But I would like a £5 note for everyone that has told me he was in the army and was a sniper. Had a few of those, and most couldn't hit barn door at 20yds.
 
I had a boss when I was still in the forces who had a wonderful sign on his desk that he would reveal at the appropriate moment

I have to admit to copying it and using it myself

Not original but always made me chuckle

It read

'' I'm partial to a bit of bull***t myself but I do enjoy listening to a real expert - you were saying ....? ''
 
Same gentleman also had a tin of air freshener on his desk that he had taped over and rewritten the words ''bullsh*t repellent'' - which he would lavishly spray in the air when you came up with some 'bone' excuse
 
Anyone watched 'Meat Eater' on Netflix? Do so - super programme.

And then listen out for people recounting, perfectly, some of the episodes as if it happened to them.

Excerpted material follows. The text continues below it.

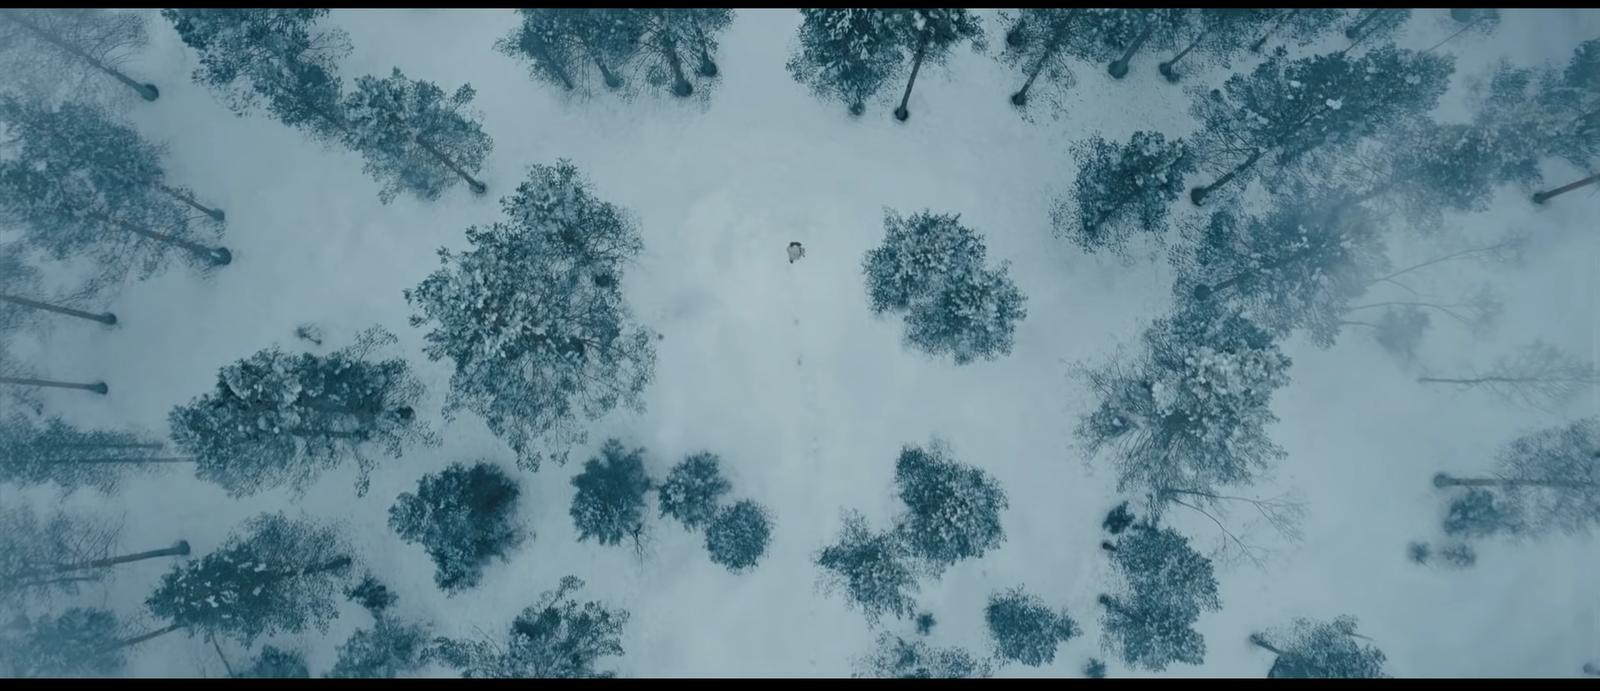 """Warto dodać, że to nie jedyne miejsce w Norwegii, w którym były kręcono sceny do """"Nie czas umierać"""". Zdjęcia odbywały się także około 40 km od Oslo, stolicy Norwegii, w okręgu Nittedal. Tam powstawały sceny na zamarzniętym jeziorze."""

Until I started watching it, I couldn't understand why there seemed to be such a huge and sudden surge in the number of UK stalkers hunting in the Pacific Northwest, Alaska, Wyoming, the Canadian arctic etc etc.
 
I actually think it is the opposite way round and that these people have such delusions of grandeur that they sort of believe their own lies.....

I love it when I meet one of these folk and I always encourage them to lie more (for my own personal amusement) by pretending to be impressed and I like to see how extreme they can get!
I once met a guy when I was catching fish from my local pier (in Cornwall) who told me that many years ago he had actually caught a 15ft Tiger Shark from that very pier I was fishing from! Another chap told me he'd caught a 250lb Conger Eel here. Fishermen always seem to take it one step too far.

Which pier was it? It might have been me... If it was the tiger shark, I caught on the fly, that was definitely me:rofl:
 
There's a gunshop a few miles south of Croydon where the proprietor has some impressive stories on offer. If they are real he would be the most ally bloke in the UK :-)
 
Anyone watched 'Meat Eater' on Netflix? Do so - super programme.

And then listen out for people recounting, perfectly, some of the episodes as if it happened to them. Until I started watching it, I couldn't understand why there seemed to be such a huge and sudden surge in the number of UK stalkers hunting in the Pacific Northwest, Alaska, Wyoming, the Canadian arctic etc etc.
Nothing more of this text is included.